A married woman with unwanted pregnancy (post partum) “I had two children and I did not want another child. But because abortion is a sin and an act of murder, I did not have an abortion”
Beliefs: beliefs including fear of punishment in the afterlife and believing in fate prevented some women from having an abortion although their pregnancy was unwanted.
Attachment to the unborn baby: Someone women expressed that they did want the child at first but when they felt the fetus, they developed an emotional connection and attachment with it and decided to continue their pregnancy.
A married woman “I was very sad in start of my pregnancy and did not like it. When I went for ultrasound and felt its existence, I had a very pleasant feeling. I am now willing to tolerate any difficulty to give birth to a healthy child now”.
Influence of the other people’s opinions: Some married women refused to have an abortion and continued their pregnancy following their physician’s, mother’s or spouse’s advice.
A married woman “When I knew I was pregnant, I went to my doctor to have an abortion but the doctor advised me to keep it. He reminded me that I had only one child and told me that I would grow fond of the baby as time went by. Therefore I did not abort my child.”
Late diagnosis of pregnancy: this was often mentioned by pregnant women that were unmarried or engaged and continued their pregnancy. They found out they were pregnant late because they were inexperienced or had an underlying disease. Some women hid their pregnancy and families realized it very late.
A provider in a city stated: “Recently, a girl from one of the villages with severe abdominal pain came to me. Her Family though that she had appendicitis. When I examined her, she was in the second phase of delivery. She gave birth to a term baby.”
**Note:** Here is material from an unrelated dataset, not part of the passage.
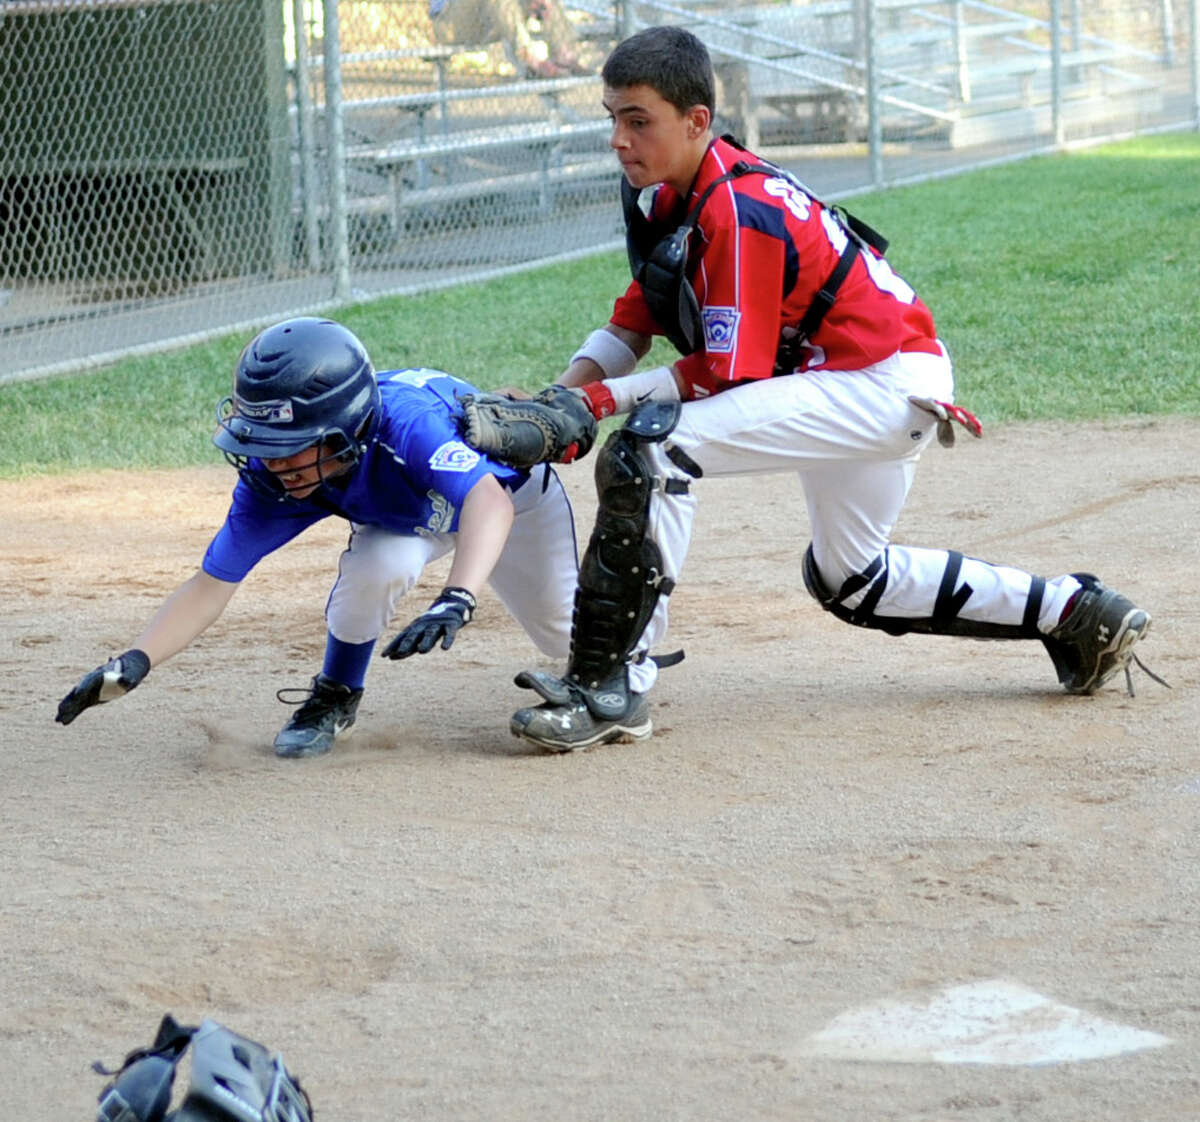 Stamford's Danny Collazo tags Darien's Justin Van de Graaf out near home plate during Friday's Little League game at McGuane Field in Darien on June 29, 2012.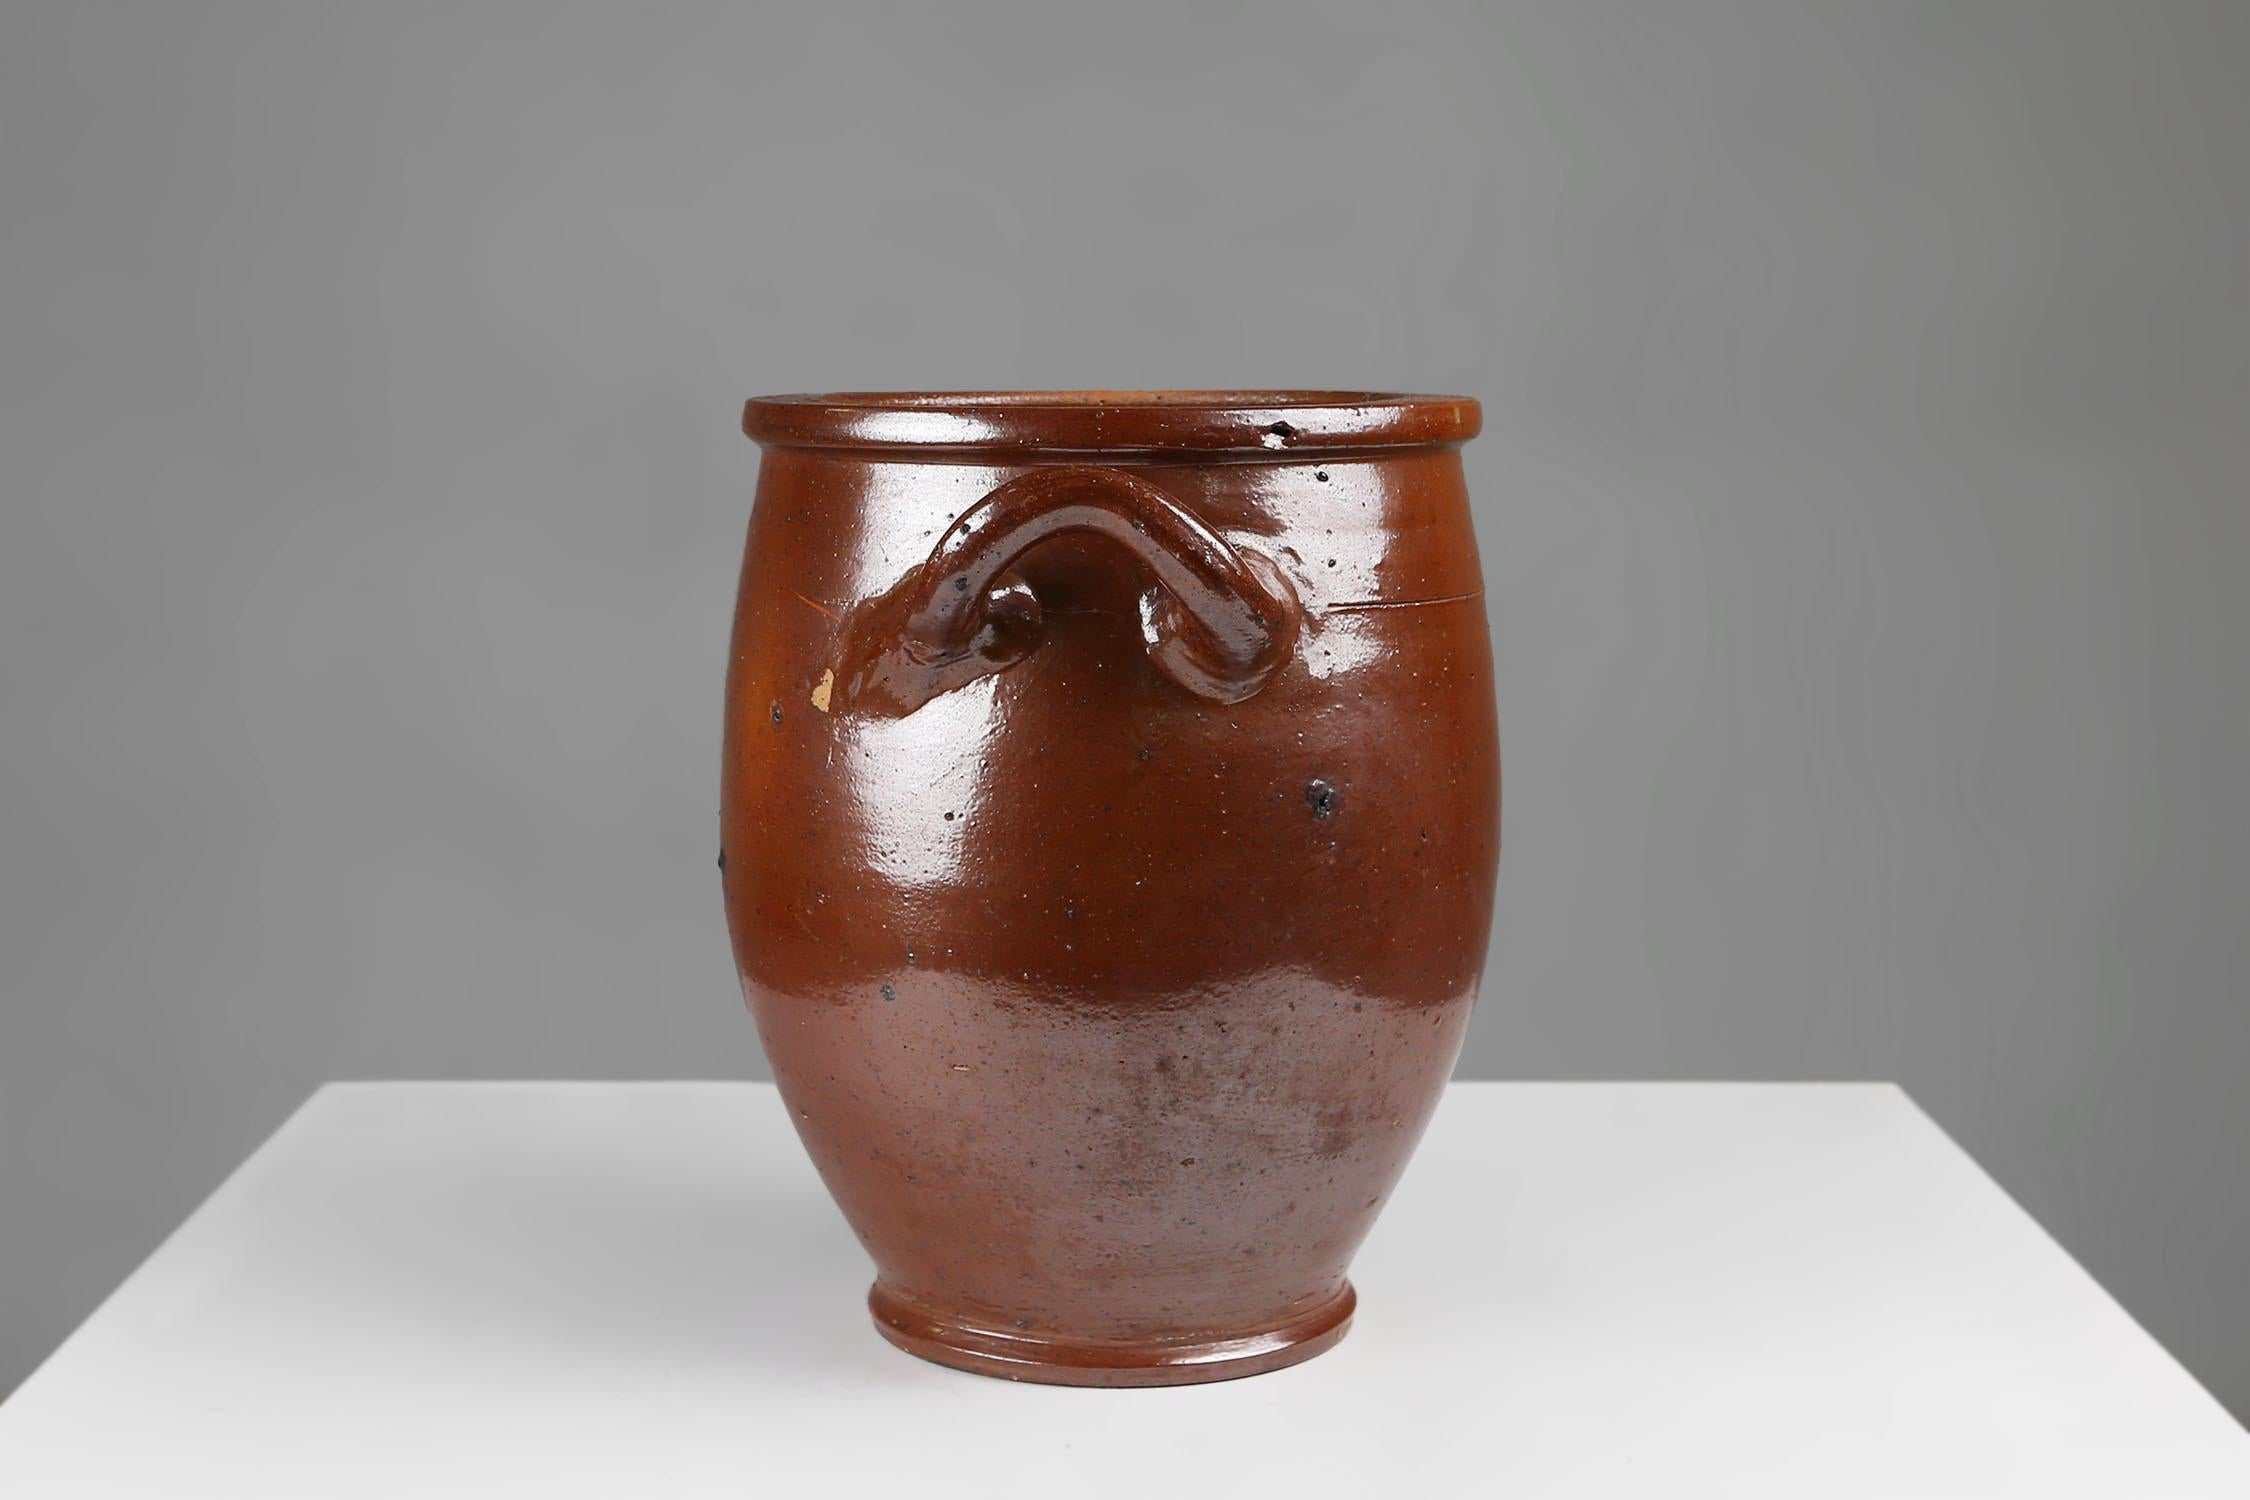 Belgium / 1800s / antique / ceramics / pot / brown glazed   A Belgian Ceramic Pot from the 1800s, a timeless piece that combines elegance and functionality. This large brown pot with handles on the side is a must-have addition to any kitchen or

However, it was also noted by a few married women.
4.4. Unsuccessful Abortion Attempts
a) Self-treatment: some women said that their efforts to have an abortion were unsuccessful and therefore they continued their pregnancy.
b) Unsuccessful medical abortion: some women mentioned that despite receiving abortion services from professional health providers, their attempts were unsuccessful.
Economic weakness and arbitrary treatment: some women continued pregnancy due to lack of information about abortion and some because of inability to pay for abortion costs.
A married woman “When I found out I was pregnant, I took two shots of progesterone and four LD tablets to abort but they were useless. Then I went to some doctors for abortion but they charged at least 400-500 dollars and I did not have that money so I continued my pregnancy.”